- Born: Kent Gillström Sweden
- Genres: Pop, rock
- Occupations: Actor, producer, record producer, entrepreneur, musician
- Years active: 30+
- Label: www.cosmosmusicgroup.com
- Website: www.kentisaacs.com

= Kent Isaacs =

Swedish producer, mixer, and musician

Kent Isaacs is a Swedish producer, mixer, musician, songwriter and music entrepreneur. He is co-owner and operator of Cosmos Music, an independent Scandinavian music label. Isaacs has been known to work with Robyn, RZA, Slick Rick, Yusuf Islam (Cat Stevens), Clay Aiken, Eagle Eye Cherry, Infinite Mass, Arnthor and Stina Nordenstam (showcased on the hit 1996 soundtrack to Romeo + Juliet).

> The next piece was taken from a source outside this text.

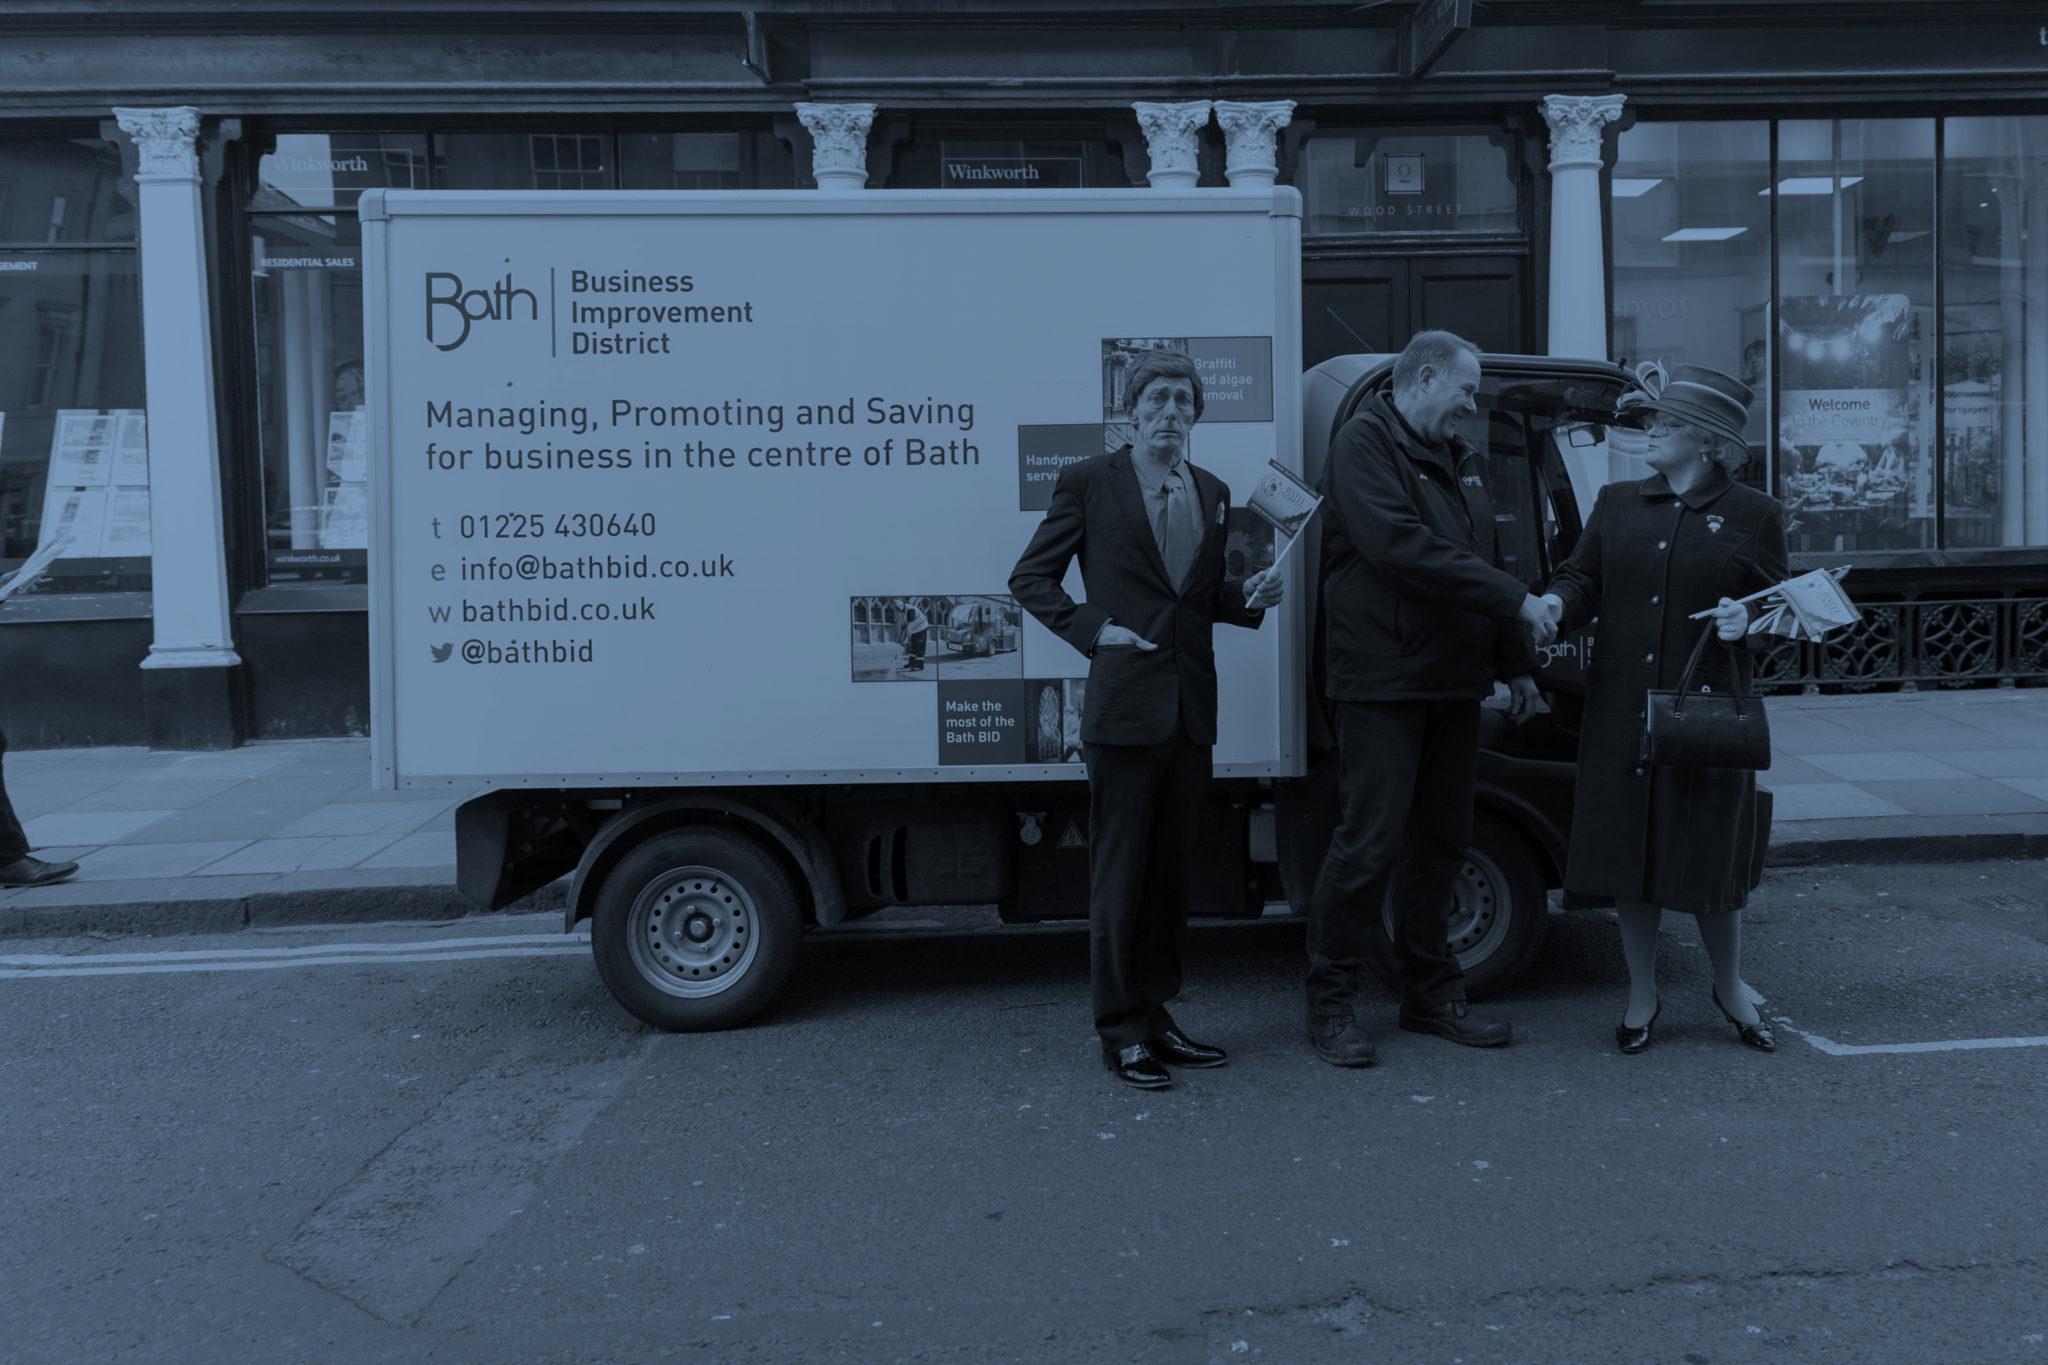 Ranger Services - Bath Business Improvement District

Isaacs has been in the music industry since the early 1980s. He began his career as a musician both in the studio and touring with Swedish artists. He later transitioned beyond the stage and studio to the technical side, where he acted as producer, mixer, and technician alongside numerous Grammy-winning and well-known artists, both international and Swedish, including Robyn, Eagle Eye Cherry, and others. Isaacs has owned and maintained large studios, including Cosmos Studios. The first Cosmos Studios was sold to Max Martin, who produced and recorded the music of internationally known, Grammy/Platinum-winning artists. After selling that studio, he bought the formerly EMI-Abbey Road Studios, which became Cosmos Studios in Stockholm. Kent Isaacs sold Cosmos Studios in 2014, and it is now known as Baggpipe Studios.

Isaacs transcended the idea of a traditional musician/mixer/producer moving once again to the industry's business side, working as a consultant with agreements and issues related to the business. He operated his own publishing company and producer-house.

He acquired Bonnier Amigo, now Cosmos Music – Scandinavia's largest independent network of music companies. Cosmos Music acquired Scandinavian Songs, one of which he sold to the biggest independent music publishing company in Sweden.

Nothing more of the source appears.